H. pylori infection disrupts the balance by increasing gastric acid secretion and inducing an inflammatory response. The bacterium's virulence factors, such as CagA and VacA, further damage the mucosa. H. pylori also interferes with the normal regulation of gastric acid secretion, leading to hypergastrinemia and increased acid output. The chronic inflammation caused by H. pylori infection can result in atrophic gastritis and intestinal metaplasia, further increasing the risk of ulceration and gastric cancer.

Impact of NSAIDs

NSAIDs compromise the mucosal defense by inhibiting COX-1, which is involved in the production of protective prostaglandins. This results in reduced mucus and bicarbonate secretion, impaired blood flow, and increased acid secretion. The direct topical effect of NSAIDs on the gastric epithelium can cause additional mucosal injury. The combined effects of systemic prostaglandin inhibition and topical mucosal damage significantly increase the risk of PUD in NSAID users.

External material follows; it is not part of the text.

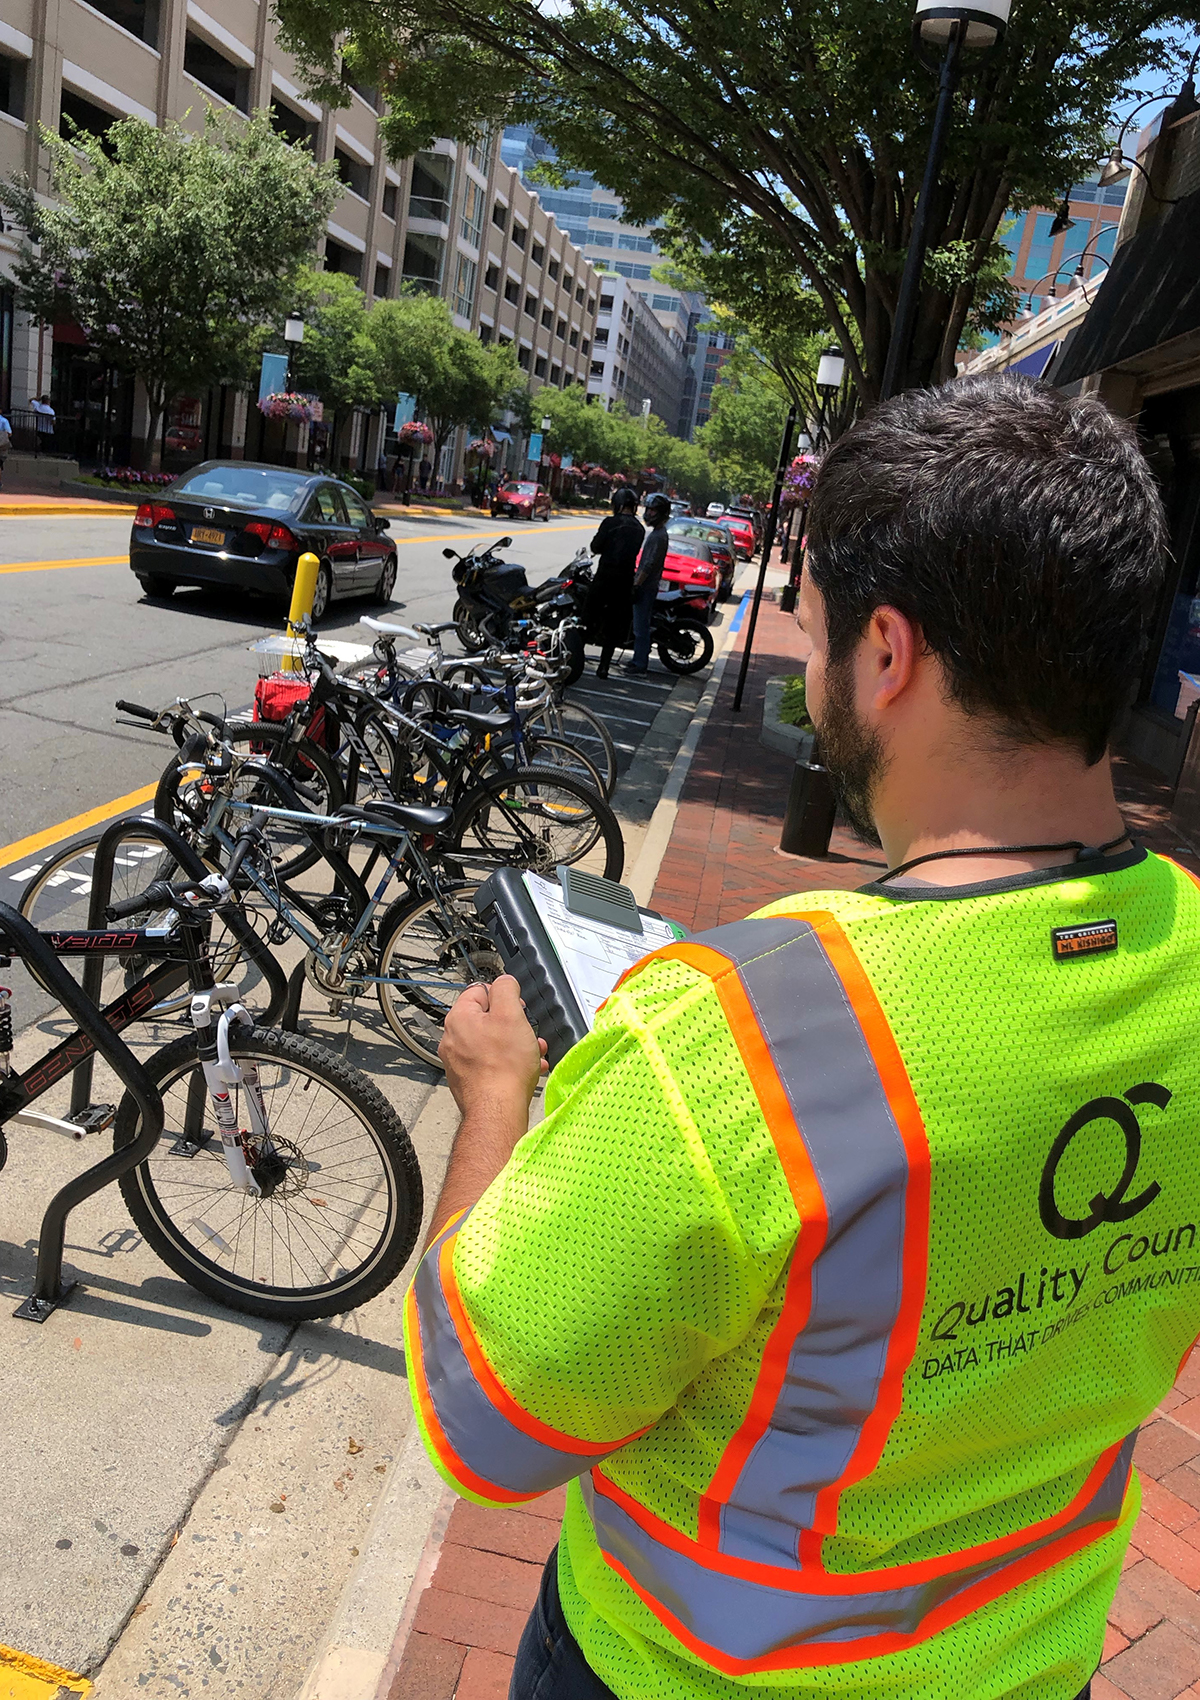 Qualiy Counts performs curbside data collection

Pathophysiological Insights from Studies

• Inflammatory Mediators: Recent studies highlight the role of inflammatory cytokines, such as TNF-α and IL-1β, in the pathogenesis of PUD. These cytokines contribute to mucosal inflammation and ulcer formation by promoting leukocyte infiltration and disrupting the epithelial barrier.

• Epithelial Restitution and Angiogenesis: The process of epithelial restitution and angiogenesis is crucial for ulcer healing. Growth factors like VEGF and EGF are essential for promoting cell proliferation and new blood vessel formation in the ulcer bed. Impaired angiogenesis and delayed restitution can lead to chronic ulceration.

Conclusion

Understanding the etiology and pathogenesis of peptic ulcer disease is crucial for developing effective prevention and treatment strategies. While Helicobacter pylori infection and NSAID use remain the primary causes, other factors such as Zollinger-Ellison syndrome, physiological stress, genetic predisposition, and lifestyle choices also play significant roles. By addressing these underlying causes and maintaining a balance between aggressive and protective factors, healthcare providers can better manage and prevent peptic ulcer disease.

References

1. Lanas, Angel, and Francis KL Chan. "Peptic ulcer disease." The Lancet 390.10094 (2017): 613-624.
2. Kavitt, Robert T., et al. "Diagnosis and treatment of peptic ulcer disease." The American journal of medicine 132.4 (2019): 447-456.
3. Sverdén, Emma, et al. "Peptic ulcer disease." BMJ 367 (2019).